The all-cause mortality of T3EL at index hospitalization was 4.7% (n=8/167), which was not significantly elevated compared to patients without T3EL (3.9%, n=154/3,903, p=0.59). Of the 8 patients with T3EL who died during index hospitalization, 6 received surgical reintervention prior to their death; 2 (25%) received reintervention for T3EL and 4 (50%) had reintervention for other indications (1 access bleeding, 1 bowel ischemia, 1 type 1 endoleak, and 1 unspecified).

Type 3 Endoleaks at Follow-Up

A total of 2,656 patients (68.0% of the original cohort, accounting for in-hospital mortalities) had any long-term follow-up data past index admission recorded at any point in their care. Median total length of follow-up for the entire cohort was 383 days (IQR 194 days), with no significant difference in total follow-up length between patients with and without index T3EL (384 days (IQR 219 days) vs. 380 days (IQR 190 days), p=0.367). Follow-up beyond the mandated 21-month follow-up interval was rare (6.5% of all follow-up) in absence of reintervention.

Incident T3EL were rare (n=1, 0.04%, Table 3), accounting for 1.2% of all incident endoleaks (n=1/82). The single incident T3EL had a total length of follow-up of 473 days. A total of 116 patients with index T3EL (n=116/167, 69.4%) were included in the follow-up database, and accounted for 4.3% of the entire cohort at follow-up (Figure 1).

Reinterventions performed after discharge for the treatment of any (index or incident) T3EL occurred at a rate of 0.7% (n=19), accounting for 19.5% (n=19/97) of endoleak reinterventions and 9.7% (n=19/195) of all aorta-related reinterventions performed after index hospitalization discharge (Table 4). All T3EL that underwent reintervention during the follow-up period (n=19) were persistent index T3EL unaddressed during index admission rather than new T3EL discovered during follow-up. A single index T3EL presented as a rupture requiring reintervention. Ultimately, the presence of an index T3EL was not significantly associated with increased reinterventions through 21 months of follow-up. Similarly there was no significant effect on time to reintervention based on the presence of T3EL.

Within the entire cohort, the cumulative all-cause mortality rate of 12.8%, with a median survival of 638 days (IQR370–1373.5 days). The long-term unadjusted all-cause mortality rate was not significantly higher in patients with T3EL (11.7%) compared to patients without T3EL (12.8%) within univariate analysis (p=0.735). Kaplan-Meier curves of survival through 2 years are shown between those with and without index T3EL in Figure 2, in which aortic mortality rates do not appear to have a significant relationship with index T3EL (log rank=0.821). These results were supported by Cox Regression Survival Analysis controlling for age, gender, race, and aneurysm size in which T3EL did not appear to have a significant association with survival (HR=0.02, p=0.963).

Figure 2:

Figure 2:

Kaplan-Meier Analysis of Impact of Index Type 3 Endoleaks on Overall Survival

Discussion:

Recent substantial endovascular advancements, such as, fenestration devices, parallel stenting (e.g. “chimney,” “snorkel,” and “sandwich” stents), and physician modified grafts allow endovascular therapy to address aneurysms with inadequate infrarenal neck and visceral vessel involvement18,19,20. C-EVAR repair is now accepted as safe, and the number of c-EVAR repairs performed is rising yearly according to studies of Vascular Quality Initiative (VQI) and Medicare databases7,8,21. Despite relatively rapid advances in technology, endoleaks remain a complex problem within c-EVAR.

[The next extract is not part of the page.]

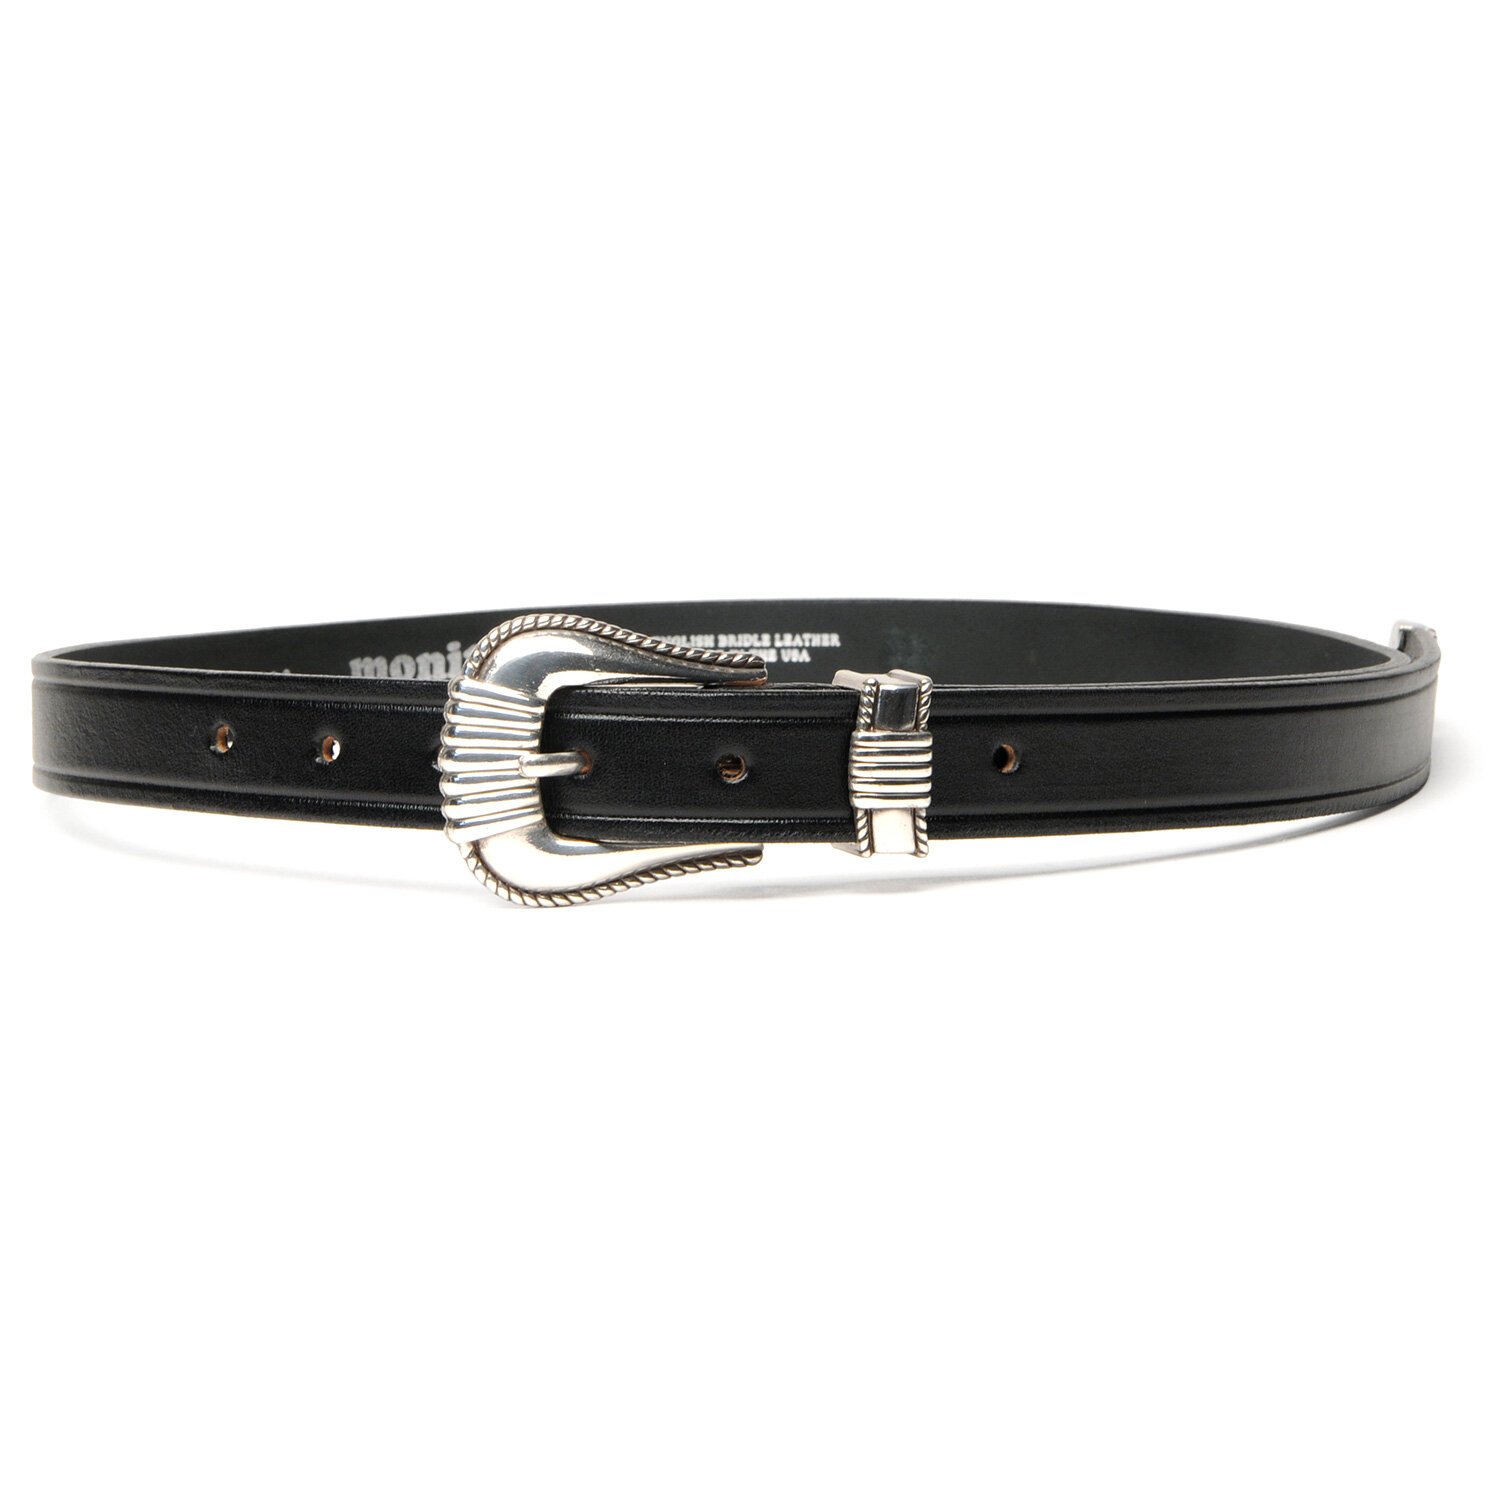 Extended 1" Creased Belt w/ 3-pc Silver Buckle Set
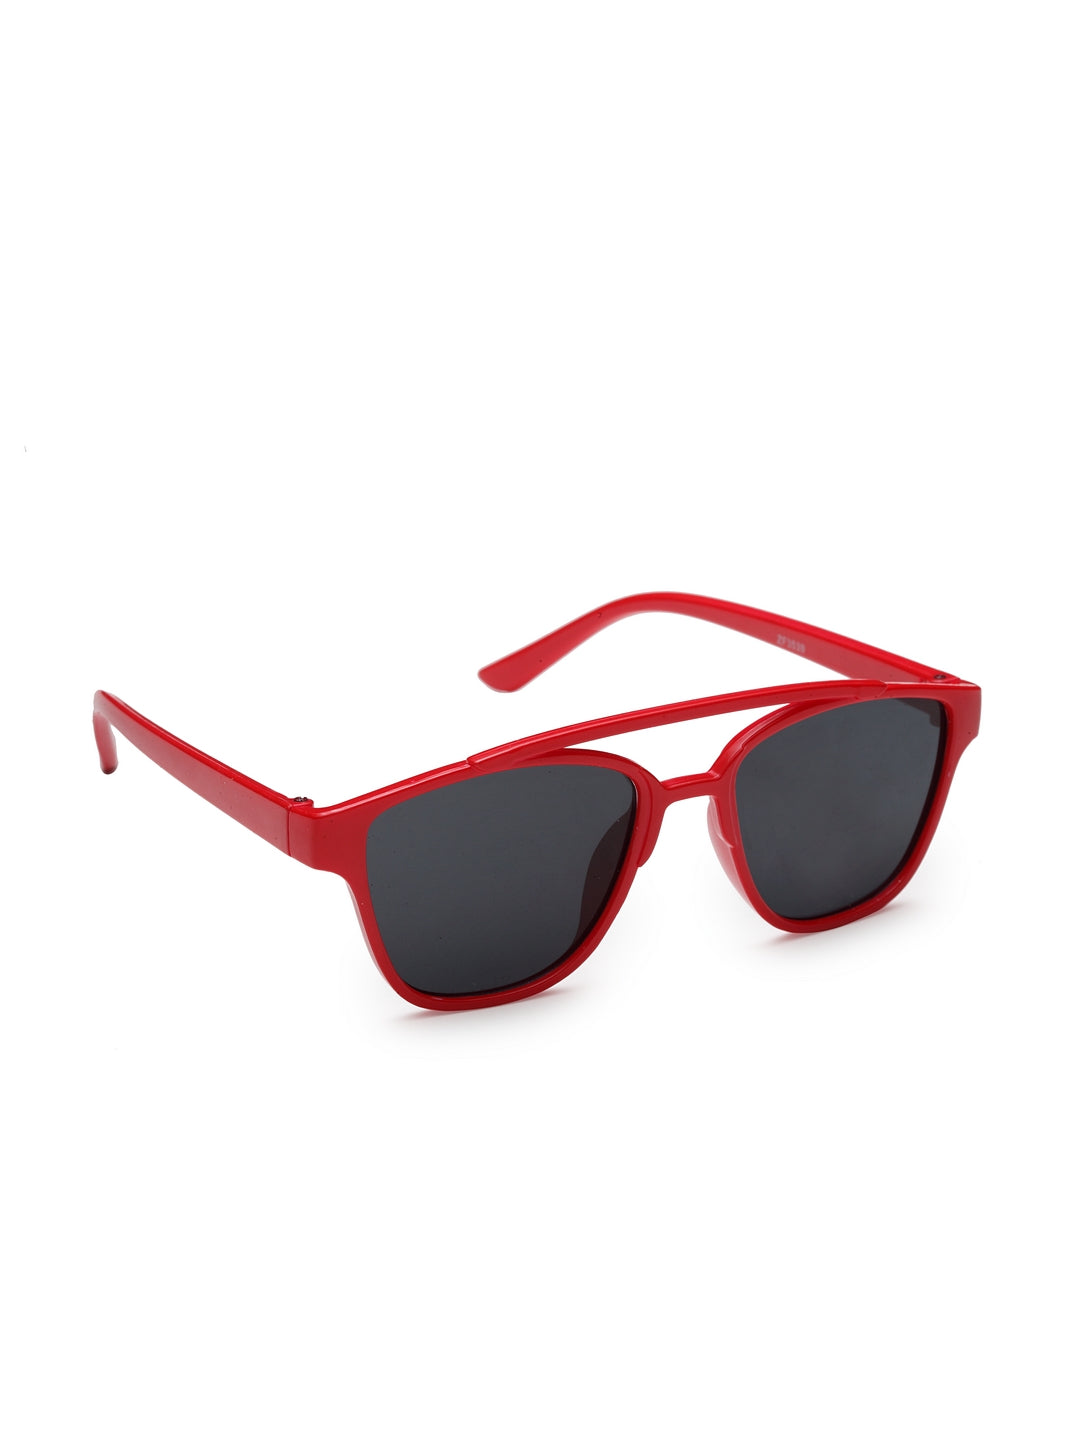 Stol'n Premium Attractive Fashionable UV-Protected Square Shape Sunglasses - Red

This study represents one of the largest and most modern reviews of the occurrence of T3EL in complex EVAR. One of the earliest series to evaluate T3EL in fenestrated repair was published out of the United Kingdom in 2010, and found a 1.7% rate of T3EL at index hospitalization22. In 2015, Mastracci et al. reported a 4.5% rate of T3EL within 610 fenestrated repairs23. That same year, Starnes et al. reported a 3.3% rate of T3EL within 59 cases of physician modified grafts at a single center6. Reports of T3EL within parallel stenting remain rare, likely due to small volume of cases, with several reports of no occurrences in series with less than 15 patients24,25. Our study (inclusive of fenestrate, physician modified, and parallel stenting) found a 4.1% rate of T3EL at index hospitalization within 4,070 patients. This rate is supported by the previous literature and reaffirms that while T3EL remain less common than Type 1 or Type 2 endoleaks their occurrence should remain at the forefront of consideration when performing post-procedure surveillance.

Interestingly, this study found that the majority of T3EL occur during index hospitalization and persist until follow-up. This data reflects real-world clinical practice patterns seen at our institution and described in the literature. Within our cohort, 91.1% of T3EL identified during index hospitalization were unrepaired prior to discharge. This value, while high, is in line with observations in patients infrarenal EVAR T3EL, where 95.5% of index T3EL were not repaired during index hospitalization11, and clinical practice of many physicians. Our institutional practice is general a preference for treating T3EL during the index procedure if it is identified on intraoperative imaging. However, if they are identified on post-operative CTA and patient’s medical status makes early reintervention prohibitively high- risk, we have adopted a delayed reintervention approach with continued stringent follow-up.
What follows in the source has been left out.